Meski acaranya agak larut malam, kadang saya masih menyempatkan untuk nonton tayangan TV “Masihkah Kau Mencintakui?” yang dipandu Helmy Yahya dan Dian Nitami. Banyak pelajaran yang bisa saya ambil dari masalah-masalah yang dimunculkan di sana. Seperti tayangan pada minggu lalu, ada sesosok wanita cantik usia 30-an yang belum genap sepuluh tahun menikah. Sebut saja namanya Sinta. Meski sebagian wajahnya ditutup topeng, tapi rona kecantikannya tetap terpancar dari wajahnya. Bukan hanya cantik, postur tubuhnya pun ideal, tinggi langsing dan berkulit putih. Sangat pantas untuk menjadi seorang foto model. Saya yakin, setiap orang, apalagi pria, pasti akan berdecak kagum melihat kecantikannya.

Namun, kecantikannya ini ternyata memiliki biaya mahal. Gaji suaminya sebagai direktur di sebuah perusahaan swasta di Jakarta sebenarnya cukup besar, 25 juta/bulan. Semua uang gajinya ini diserahkan kepada istrinya. Tapi ternyata Sinta masih saja merasa kurang hingga suaminya terlilit banyak hutang, baik ke kantor maupun kepada rekan kerjanya. Kondisi ini membuat suaminya kurang dipercaya lagi oleh rekan-rekan kerjanya. Masih beruntung dia tidak sampai melakukan korupsi di kantornya demi memenuhi keinginan-keinginan istrinya yang dirasa semakin menggila.

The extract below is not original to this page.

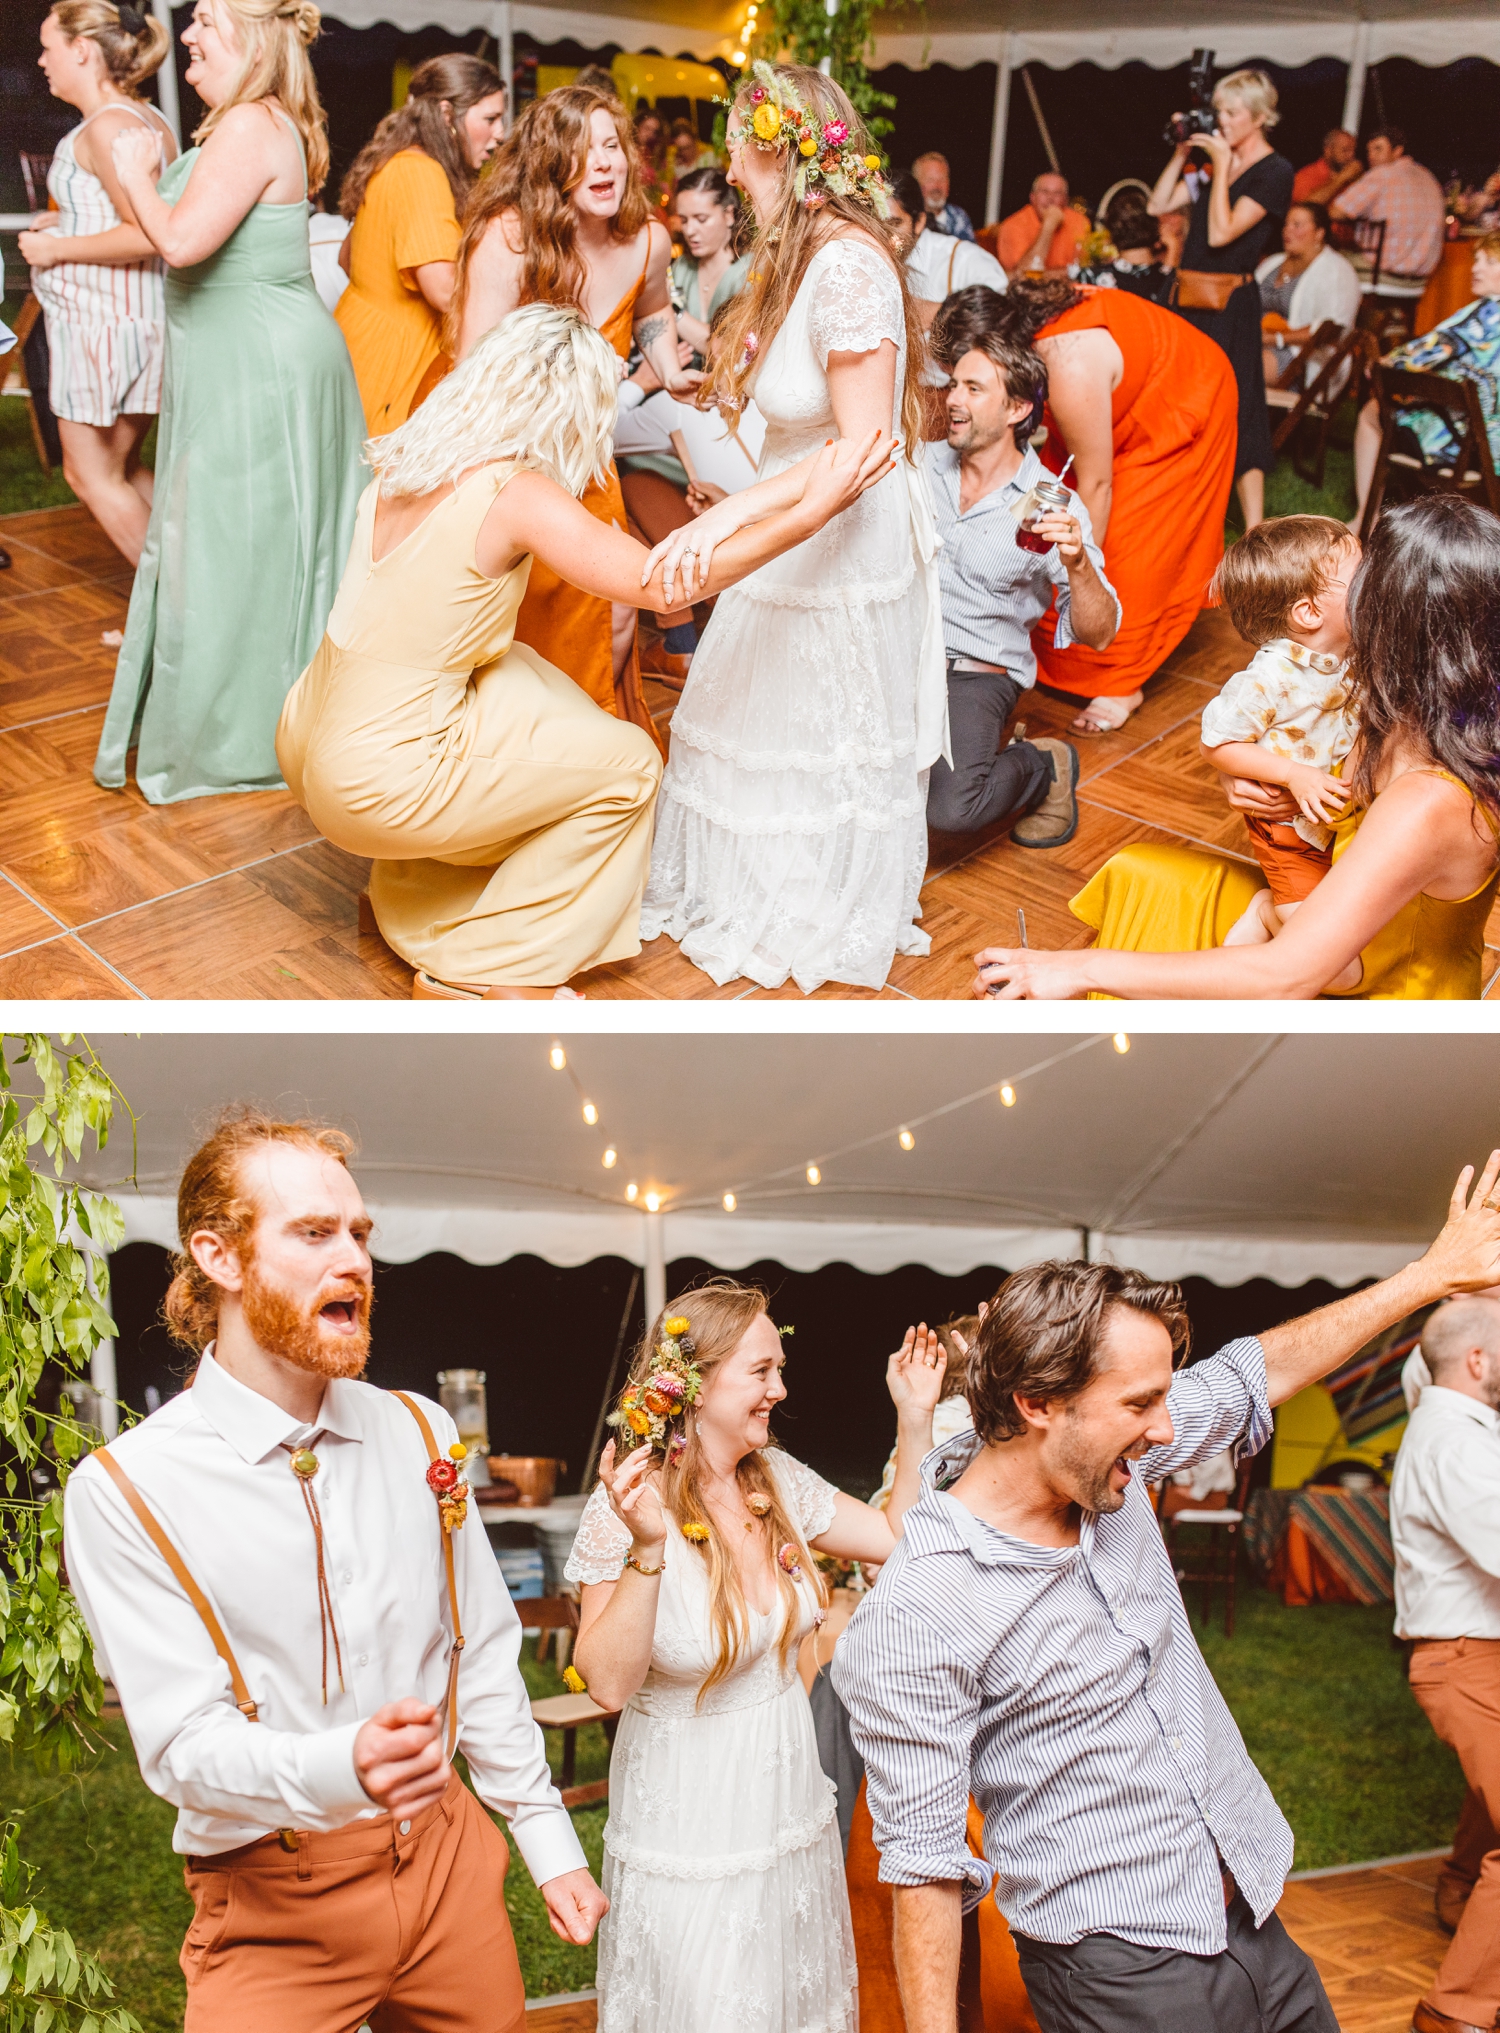 Bride dancing with wedding guests | bride and groom dancing with wedding guest at reception | Brooke Michelle Photography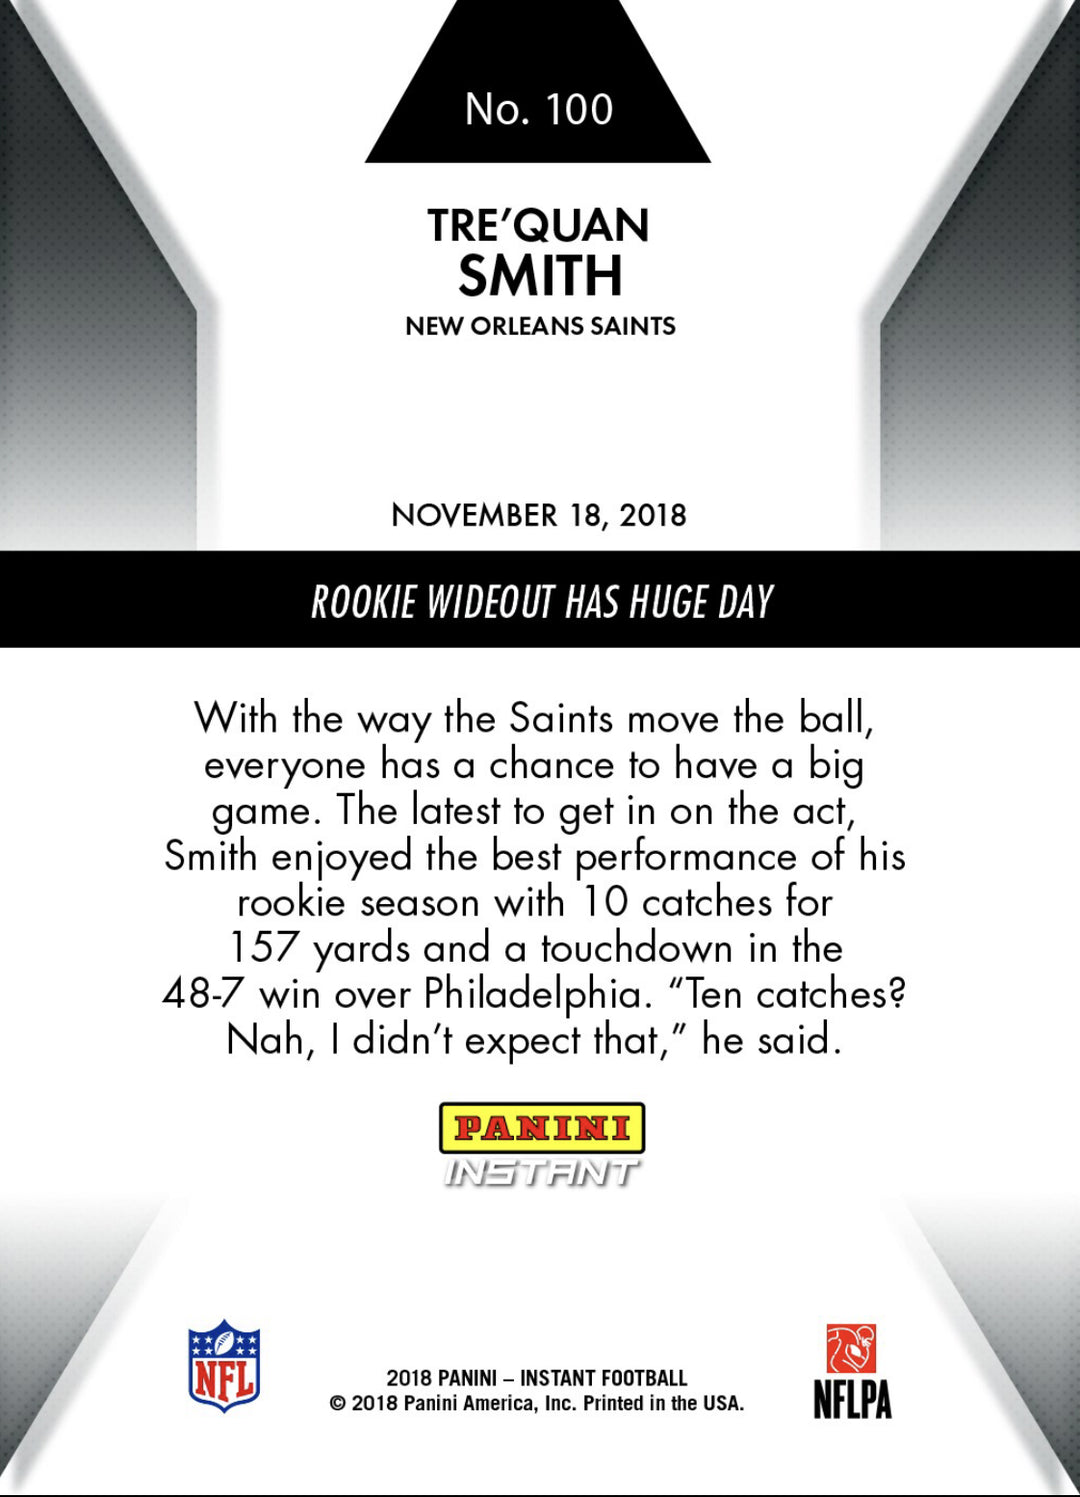 2018 TRE'QUAN SMITH ROOKIE WIDEOUT HAS HUGE DAY PANINI INSTANT SAINTS CARD #100 Image 11

Kondisi ini membuat suami Sinta mulai membatasi suplay keuangan untuk istrinya. Ternyata, hal ini membuat Sinta tidak terima dan protes karena menganggap suaminya sudah berubah, dia jadi pelit dan tidak sayang lagi padanya. Selama ini suaminya memang mandah menuruti saja apa keinginan istrinya. Selain karena kondisi keuangan waktu itu masih longgar, dia juga tidak mau ribut dengan istrinya. Tapi ketika kebutuhan keluarga semakin meningkat, terutama sejak lahir kedua anak mereka, suaminya merasa perlu membatasi alokasi kebutuhan pribadi istrinya yang cenderung hanya mengejar barang-barang brandid, barang-barang berkelas dan bermerk. Apalagi Sinta memang hobi banget mengoleksi perhiasan, terutama berlian. Dengan dalih investasi, Sinta seolah takpernah merasa puas untuk menambah koleksi perhiasannya.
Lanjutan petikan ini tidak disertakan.